The goal of MCHIP’s Newborn Health team was to scale-up proven interventions, and the Program designed its country programs with this goal in mind. As the main service provider and policymaker in countries where MCHIP worked—and with an existing service delivery platform at scale—the MoH was the key partner engaged to strengthen newborn health programs. MCHIP ensured that the MoH had a strong leadership role coordinating the national dialogue with key stakeholders and mobilizing resources to address newborn survival. The Program ensured that information on proven newborn interventions and effective delivery approaches along the household-to-hospital continuum of care (including lessons learned from other countries) were available during various national level meetings. MCHIP collaborated with the MoH and its implementing partners and donors to address the three main causes of newborn death by providing technical support to:

  • Develop overall program strategy and guidance;
  • Harmonize or develop both in-service and pre-service training materials;
  • Provide national level coordination;
  • Review and revise policies; and
  • Identify and address systems issues associated with the strengthening of existing interventions or the rolling out of new ones.

To ensure an effective coverage of selected newborn interventions, MCHIP aimed to establish an implementation foundation led by the MOH, and through which all current and future implementation partners could contribute. For example, despite the closure of MCHIP in Nigeria and Rwanda, the Program supported these Ministries to lay the foundation for KMC services in selected health facilities, which were expanded by these MoHs and their implementing partners.

How did MCHIP Newborn Health address community?
A number of studies have shown that various community interventions have significant impact in reducing the neonatal mortality rate. These interventions include structured PNC home visits by trained CHWs as recommended by the WHO/UNICEF joint statement, and discussion of maternal and newborn health issues by community groups (women’s groups in particular). MCHIP used both approaches to counsel and coach pregnant women, mothers and their families on key lifesaving newborn practices, including the importance of: receiving antenatal care; delivering with a skilled birth attendant; practicing immediate and exclusive breastfeeding; ensuring appropriate cord care; recognizing danger signs; and prompt care-seeking. MCHIP built community capacity to create an enabling environment to facilitate care-seeking for pregnant women, mothers and newborns such as the establishment of emergency funds and transportation system.  In Malawi, Bangladesh, Rwanda and  Nigeria, the Program worked with CHWs to visits pregnant women 2-3 times during the antenatal period and 2-4 times during the postnatal period, while building the capacity of community groups to improve the enabling environment for MoH practices and care-seeking.
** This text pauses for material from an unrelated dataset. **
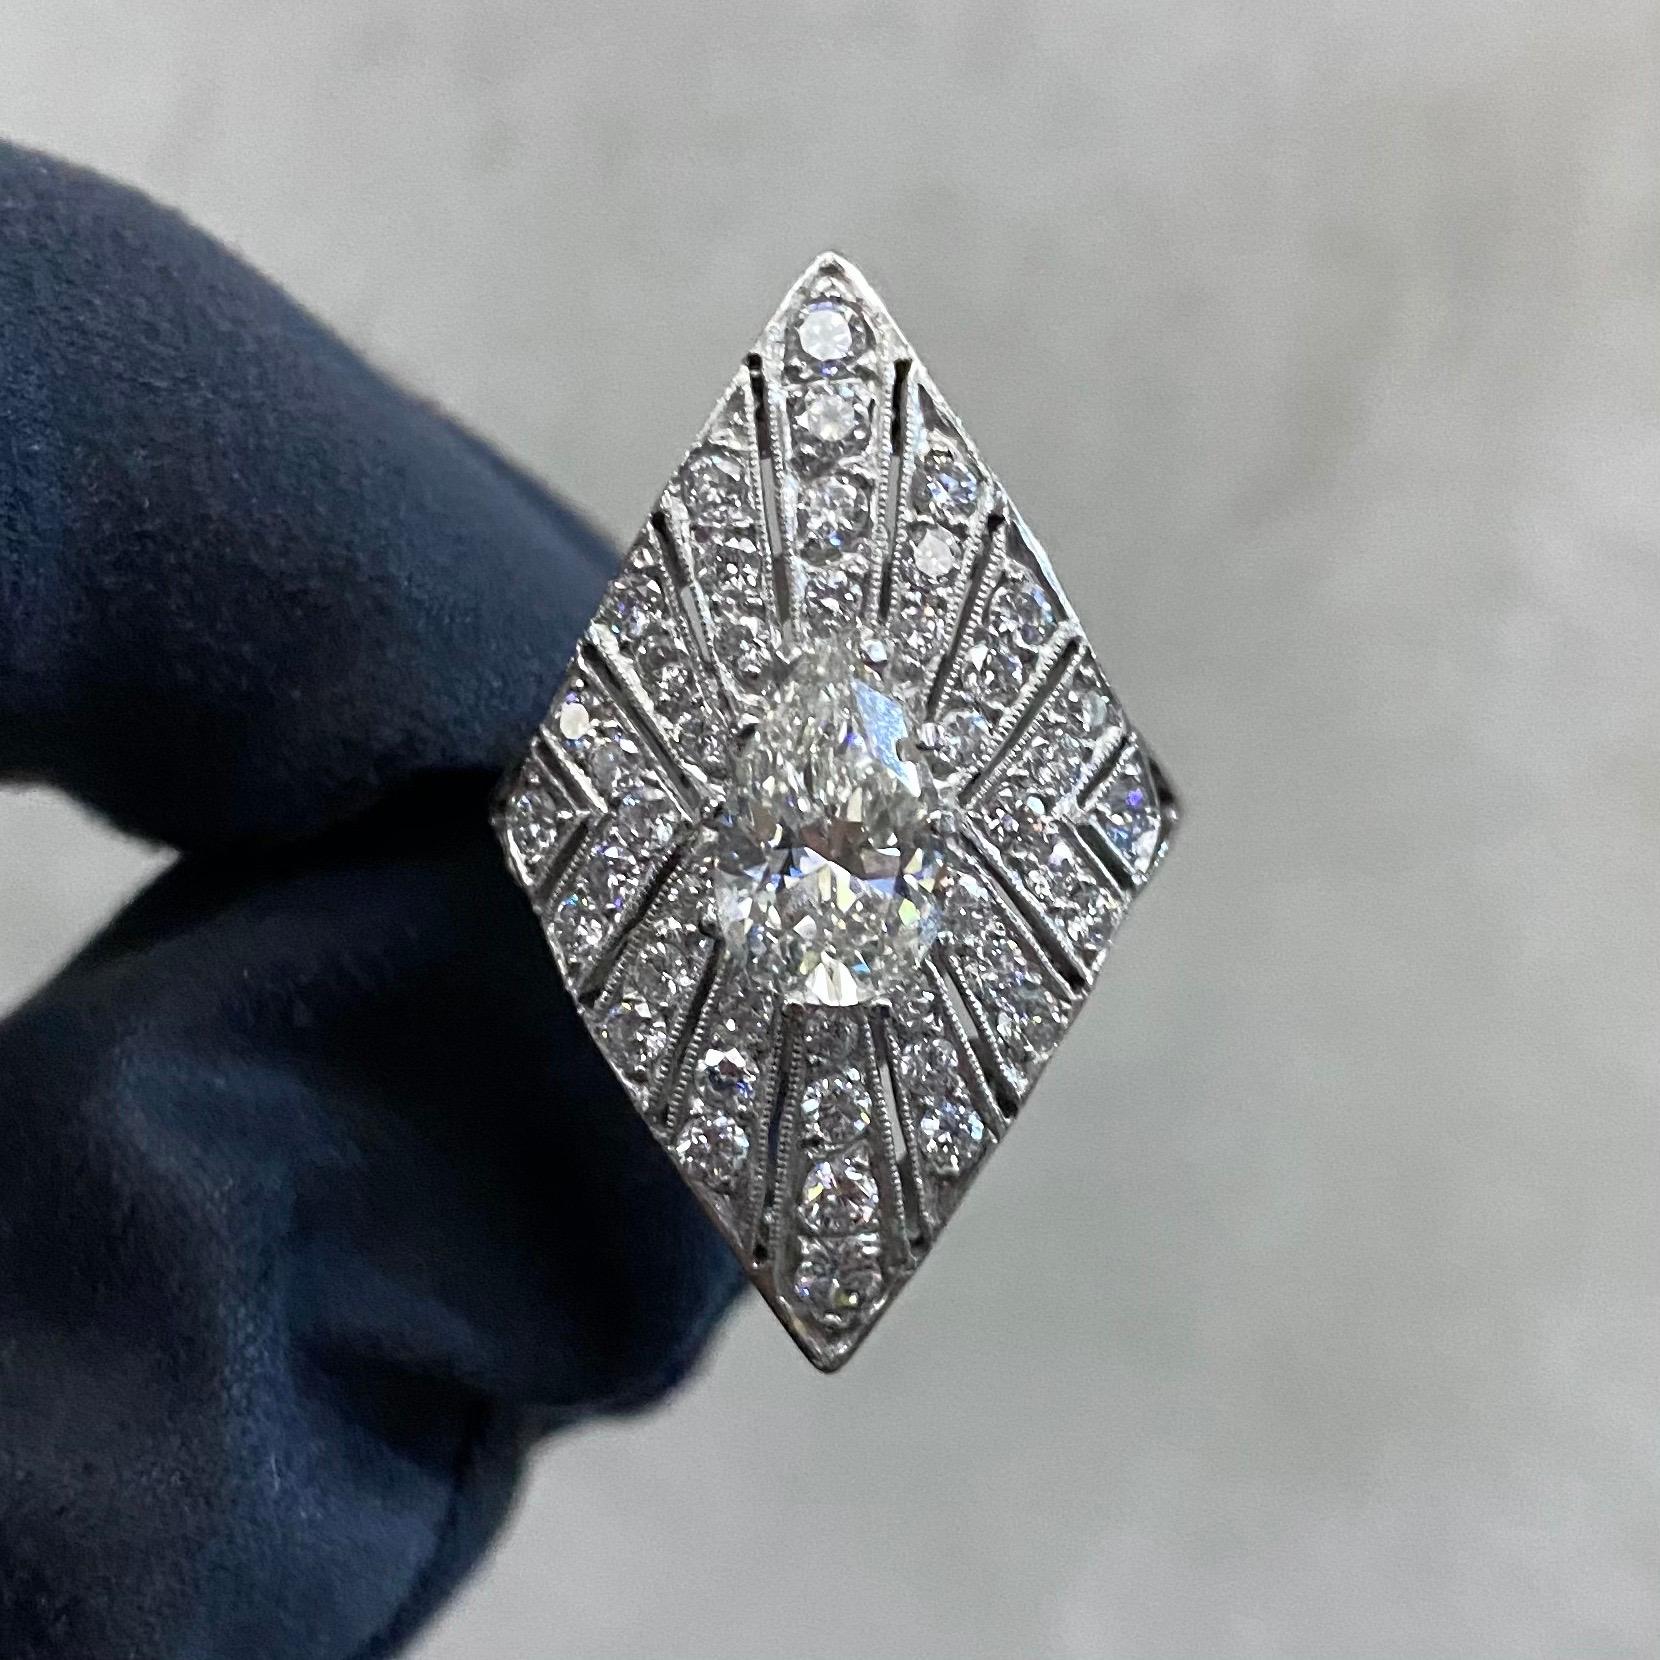 Ein GIA-zertifizierter 1,24-Karat-J VS2-Diamant im Birnenbrillantschliff und ein runder Diamant im Brillantschliff in Schildform, Cocktail- oder Kleiderring aus Platin, ca. 2000er Jahre. Ein spektakuläres Schmuckstück im Art-Déco-Stil mit

How did MCHIP Newborn Health address quality?
Quality of care was an essential component of MCHIP’s newborn health programs. It begins with making sure the various equipment and supplies needed by service providers and CHWs are available prior to initiation of any training so that the health workers can put their refreshed or newly acquired knowledge and skills to use as soon as they return to their place of work. Another element of quality assurance is using competency-based learning materials and certifying that all trainees demonstrate the required competencies in the particular intervention area at the end of training. A checklist was used by trained supervisors (usually a joint team of MCHIP and MoH staff) during post-training follow-up visits to ascertain that services are being provided at the required standards. In Ethiopia, working with the maternal health team, the Jhpiego Standard-based Management and Recognition tool used mainly for BEmOC was adapted for newborn care.